🤖 AI Summary
Existing research on large language models (LLMs) as autonomous agents and tool users remains fragmented and limited in architecture design, multi-agent coordination, tool integration, cognitive mechanism modeling, and evaluation frameworks. Method: This survey systematically analyzes 2023–2025 top-tier conference and journal publications using structured literature analysis, integrating prompt engineering and fine-tuning techniques to dissect LLM implementations of core cognitive capabilities—reasoning, planning, and memory. Contribution/Results: We identify three breakthrough directions—verifiable reasoning, self-improvement, and personalized customization—and distill ten concrete future research pathways. Further, we propose a unified evaluation framework covering 68 publicly available datasets, exposing critical gaps in current benchmarks regarding task generalization, dynamic adaptability, and causal attribution capability.
📝 Abstract
The pursuit of human-level artificial intelligence (AI) has significantly advanced the development of autonomous agents and Large Language Models (LLMs). LLMs are now widely utilized as decision-making agents for their ability to interpret instructions, manage sequential tasks, and adapt through feedback. This review examines recent developments in employing LLMs as autonomous agents and tool users and comprises seven research questions. We only used the papers published between 2023 and 2025 in conferences of the A* and A rank and Q1 journals. A structured analysis of the LLM agents' architectural design principles, dividing their applications into single-agent and multi-agent systems, and strategies for integrating external tools is presented.
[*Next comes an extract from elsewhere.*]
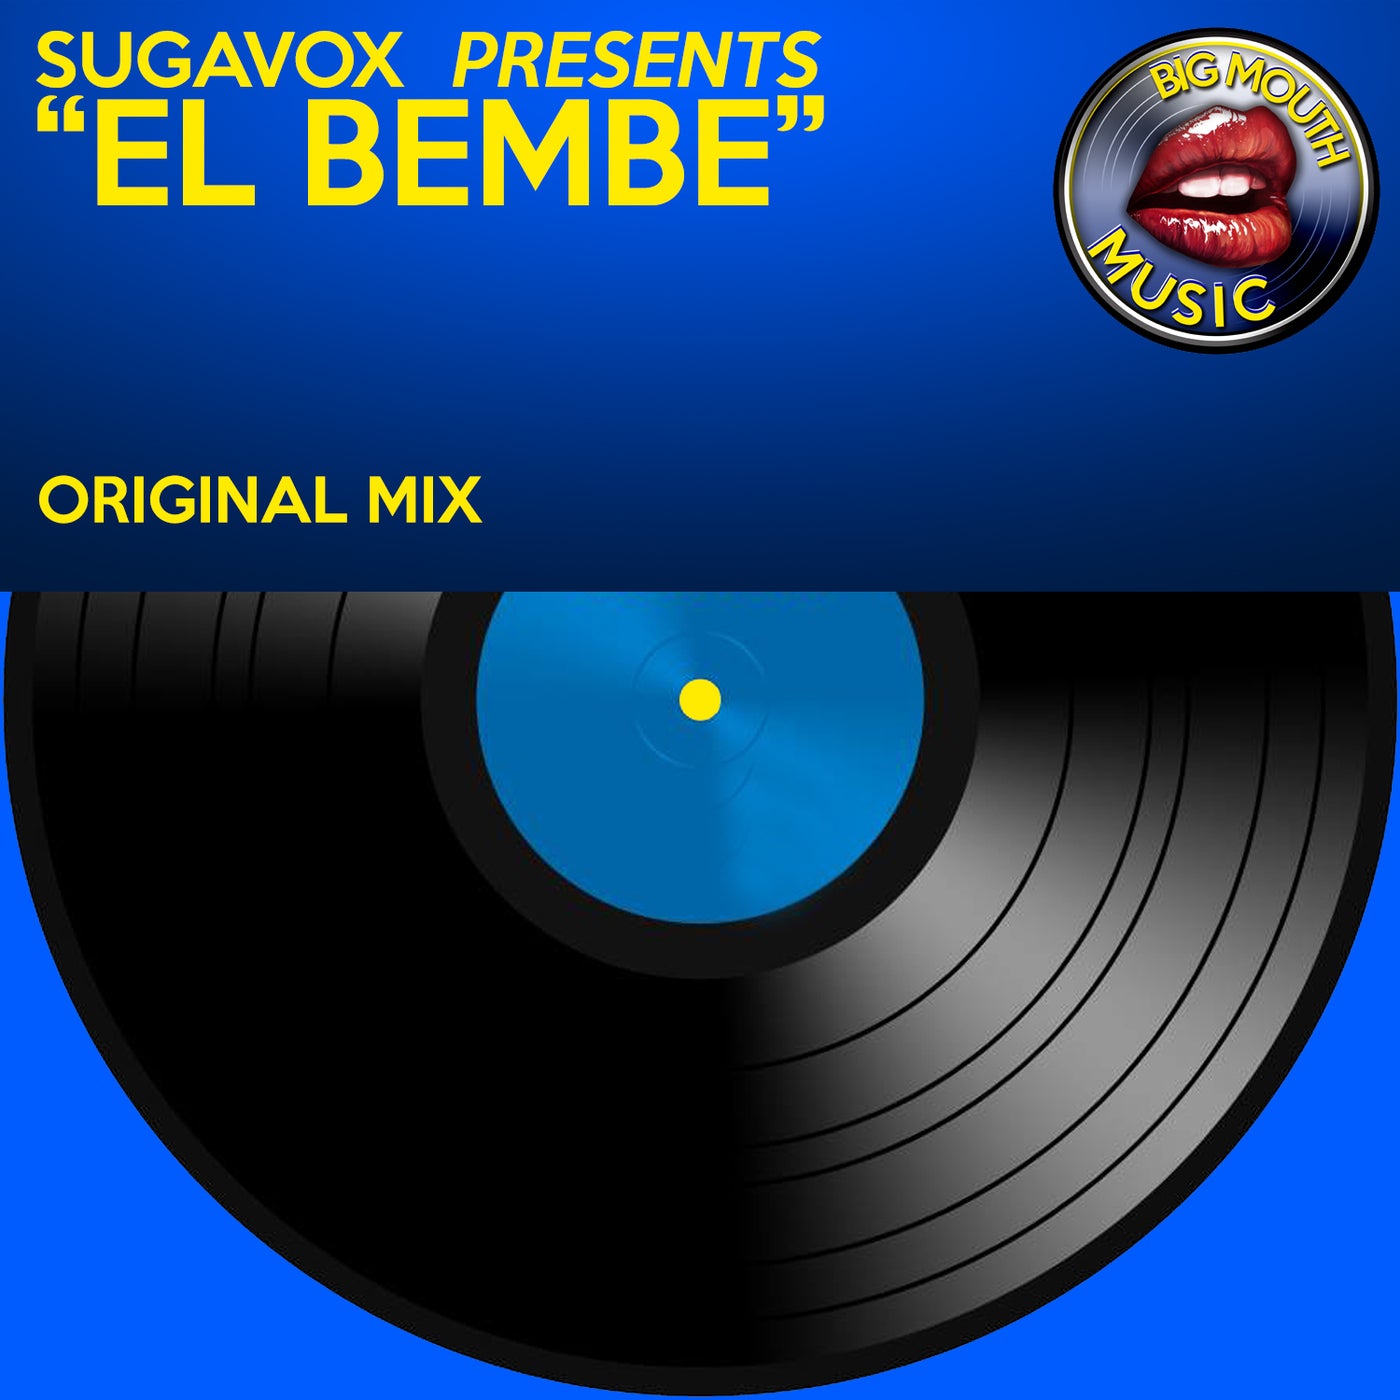 Sugavox Presents El Bembe

In addition, the cognitive mechanisms of LLM, including reasoning, planning, and memory, and the impact of prompting methods and fine-tuning procedures on agent performance are also investigated. Furthermore, we evaluated current benchmarks and assessment protocols and have provided an analysis of 68 publicly available datasets to assess the performance of LLM-based agents in various tasks. In conducting this review, we have identified critical findings on verifiable reasoning of LLMs, the capacity for self-improvement, and the personalization of LLM-based agents. Finally, we have discussed ten future research directions to overcome these gaps.